▸ **Required work**
Word for word, set down the lines from the one that contains "Warmwasserspeicher Eldom Favourite" through the final line of the data; no pictures belong in the copy.

▸ **Data block**
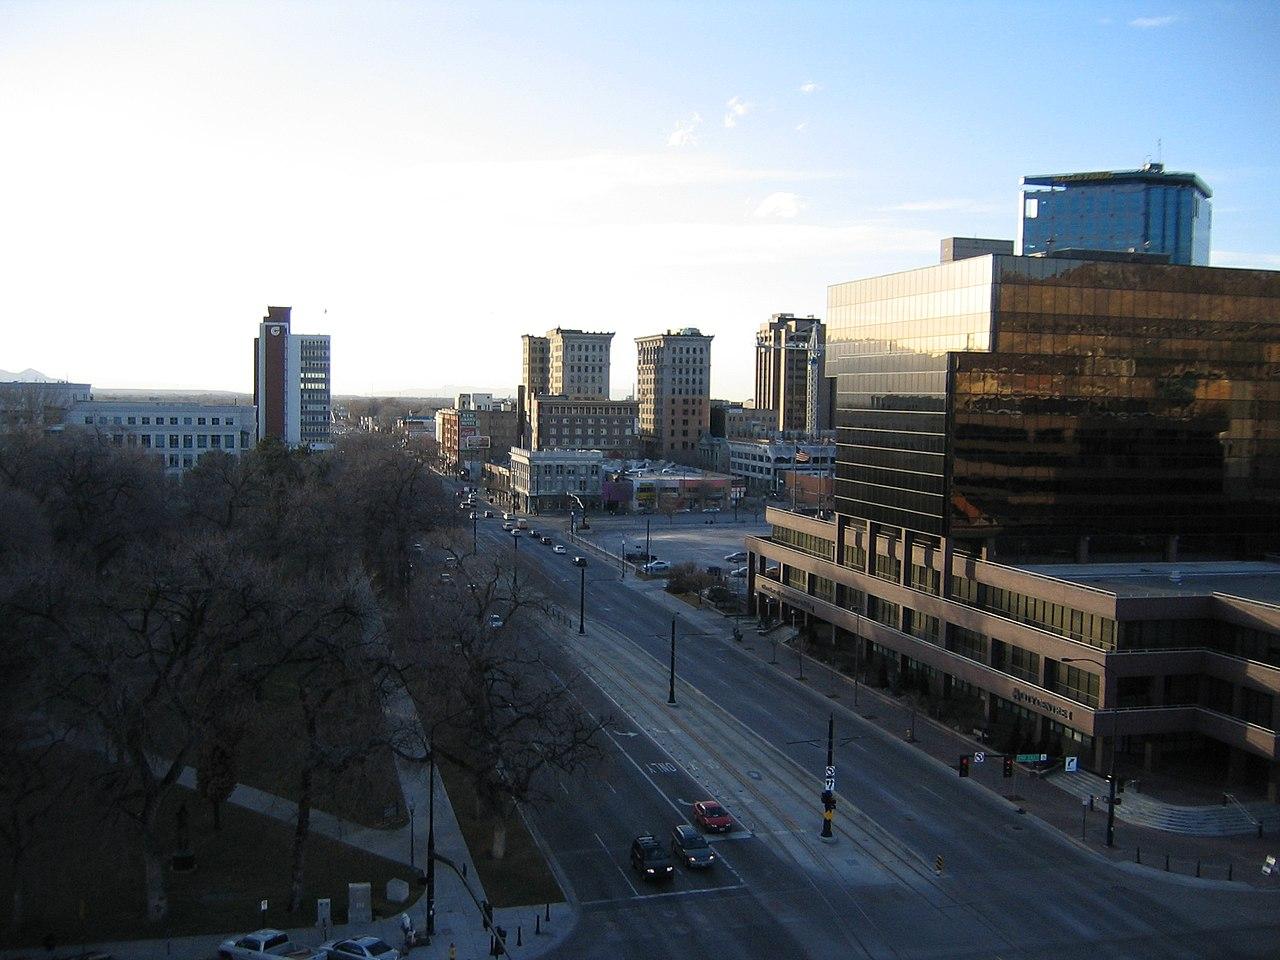 FileJan South Salt Lake City UT USAJPG Wikimedia Commons - Ut usa
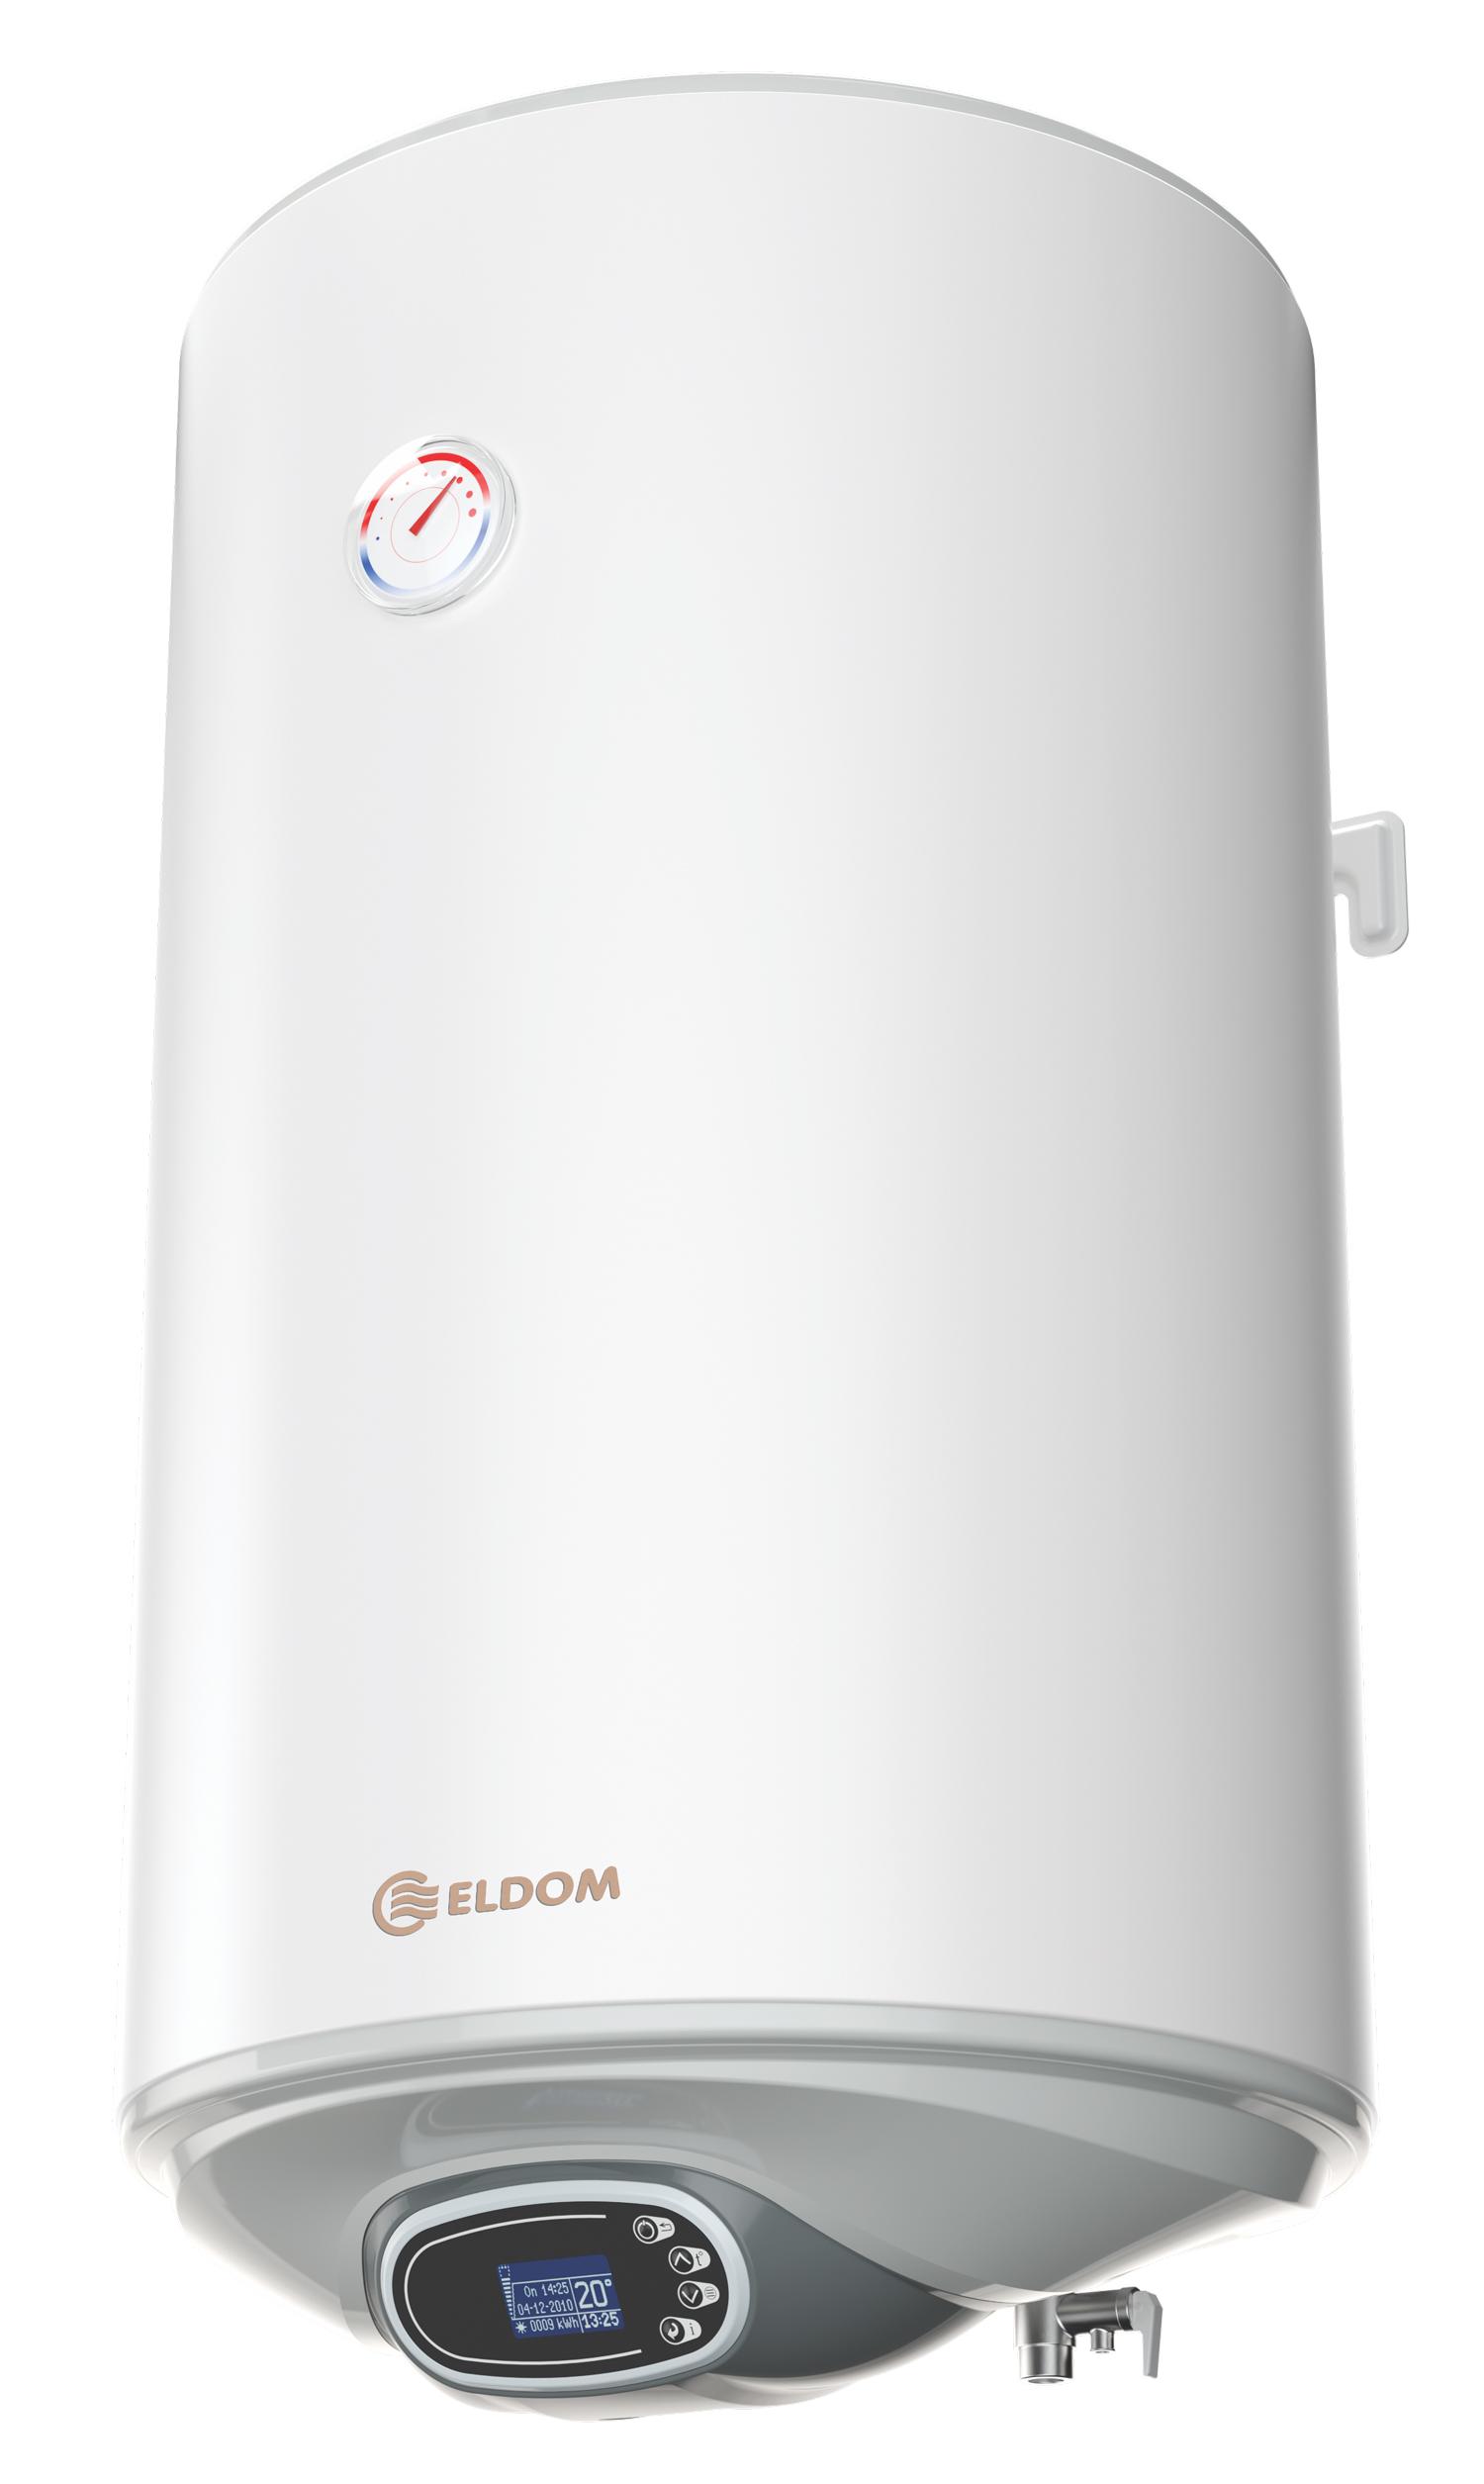 Warmwasserspeicher Eldom Favourite Digital 80 Liter druckfest
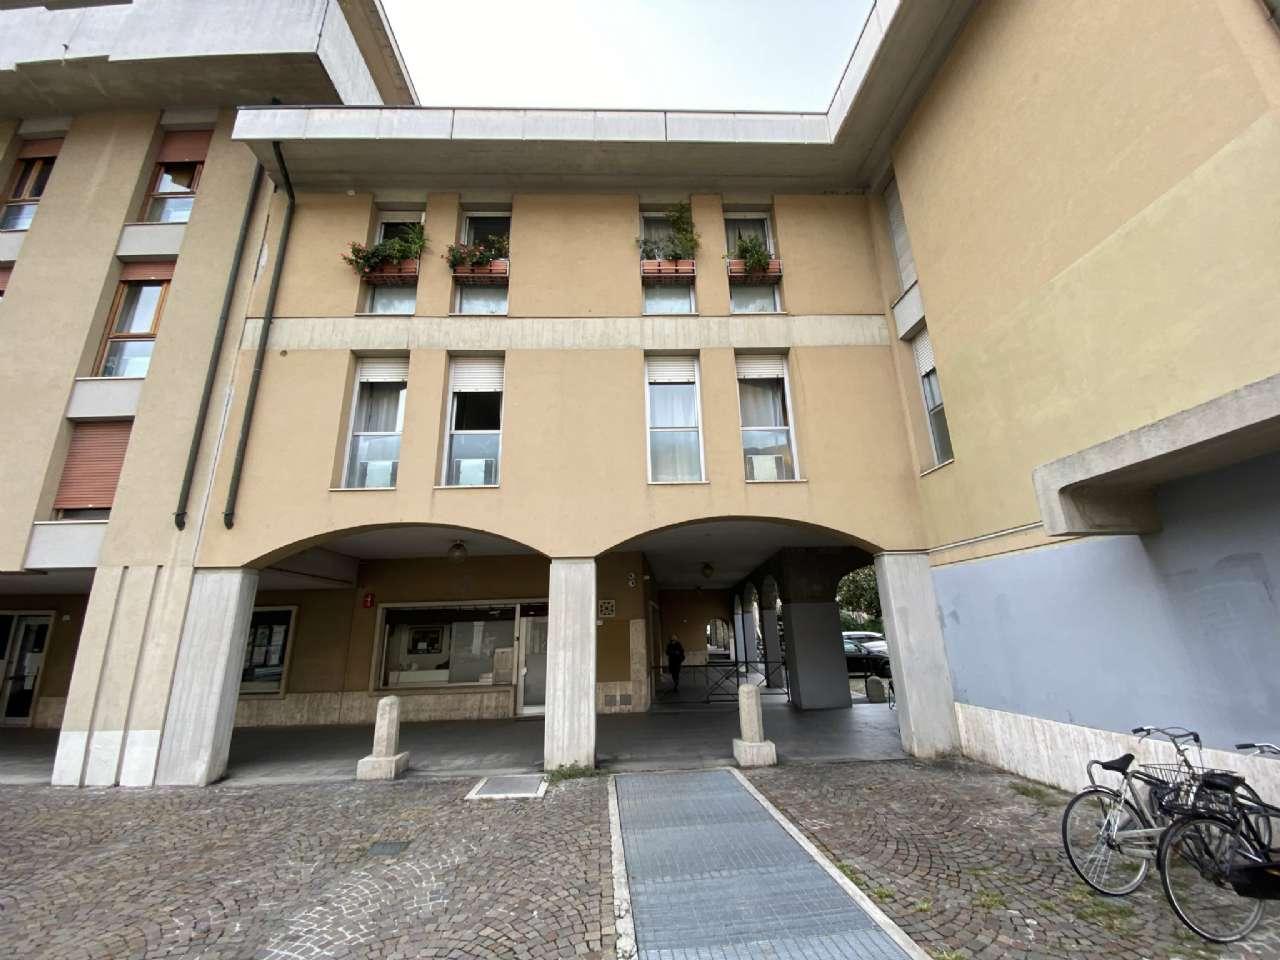 Quadrilocale, Piazza Petrarca, Zona Ponte Molino/Savonarola, Padova, foto 7

▸ **Answer space**
 Warmwasserspeicher Eldom Favourite Digital 80 Liter druckfest
 Quadrilocale, Piazza Petrarca, Zona Ponte Molino/Savonarola, Padova, foto 7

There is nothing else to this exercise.